With this work, we extend the previous literature in three directions. First, we update the trends of first marriage formation in Sweden up to 2022, focusing on both women and men, thus providing new evidence on marriage propensities in the context of recent fertility decline and during the Covid-19 pandemic and its immediate aftermath. (The most recent study on marriage formation trends in Sweden covered years up to 2012 and focused only on the female population; cf. Andersson & Kolk, 2015.) Second, we provide insight into the possible relationship between trends in union formation and childbearing during the 2010s. For instance, changes in marriage formation can be affected by fertility changes (Ohlsson-Wijk, 2011). In this study, we investigate this issue by studying the extent to which trends in marriage formation can be explained by changes in the parity composition of women and men at family formation ages and if they differ across parity groups. Finally, for the first time in Sweden, we are able to rely on administrative register data to study total population trends in cohabitation formation. Sweden has previously lacked all-encompassing data of such nature. This is of general interest as the country is known as a forerunner in the normalization of cohabitation (Heuveline & Timberlake, 2004) and as marriage and childbearing in this context are almost always preceded by cohabitation (Andersson et al., 2017).

2 Background

2.1 Marriage Trends in Sweden

From the 1960s to the 1990s, Sweden experienced a steady decline in marriage rates, which primarily involved childless and never-married women (Andersson, 1998). This decline can be explained by a general decrease in the popularity of marriage as the only institution for family life, in favour of unmarried cohabitation, which was already prevalent in Sweden in the early 1970s and which increased further in the next decades (Heuveline & Timberlake, 2004). Moreover, the decline in marriage rates was driven by a general postponement of the age at marriage, parallel to the postponement of childbearing. Taken together, the increase of informal unions and the postponement of marriage and childbearing paved the way for a typical pattern of family formation that was characterized by entry into cohabitation and followed by the birth of children and, in some cases, by marriage (Andersson, 1998; Holland, 2013). In fact, slightly more than half of all children and two-thirds of first-born children are currently born to unmarried parents (Thomson, 2023), suggesting that marriage is no longer seen as a prerequisite for childbearing. However, there is still a connection between the two events, as marriage is strongly linked to childbearing and often considered a way of formalizing a commitment that has already been strengthened by having children (Duvander, 1999; Lappegård & Noack, 2015; Moors & Bernhardt, 2009).
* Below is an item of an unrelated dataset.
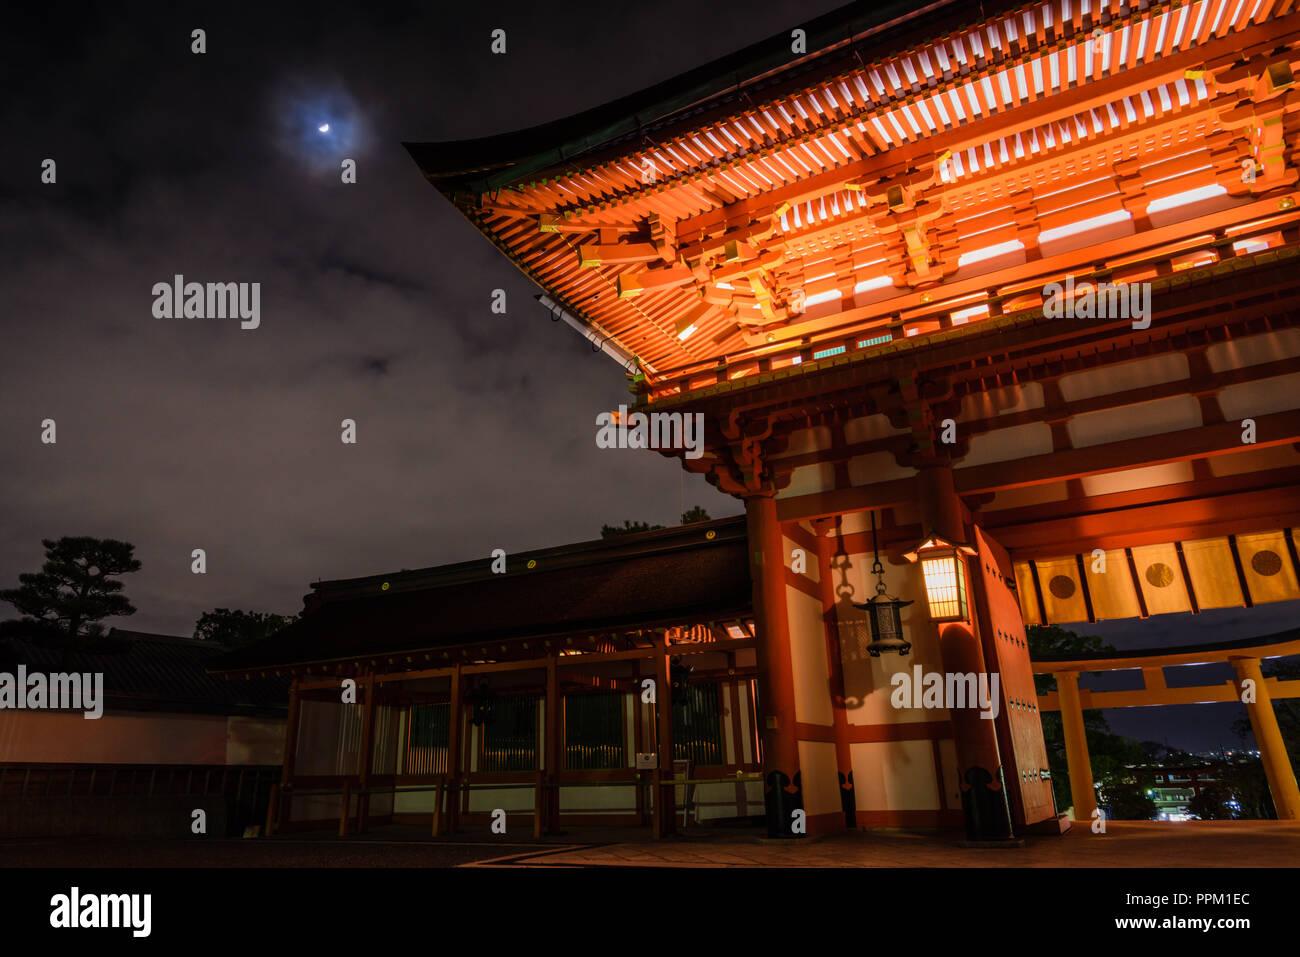 Fushimi Inari shrine in Kyoto lit up at night - Stock Image

The secular decline in marriage rates in Sweden had only two deviations, presumably linked to changes in legislation. A first small increase in marriage rates occurred during 1974–1976, as a result of the liberalization of divorce laws, which made divorce quicker and easier to obtain. These legislative changes, which also included a simplification of the procedures for marriage formation, led a body of newly divorced individuals to re-enter the marriage market and may also have increased the popularity of marriage as a more modern contemporary institution (Andersson, 1998; Agell, 1982). A second large peak in marriage rates occurred in 1989, in response to the near abolition of the widows’ pensions for women that were not married as of January 1990. A large number of cohabiting couples thus married in 1989 as they perceived that it could secure a better future pension in the event of a partner’s death (Hoem, 1991).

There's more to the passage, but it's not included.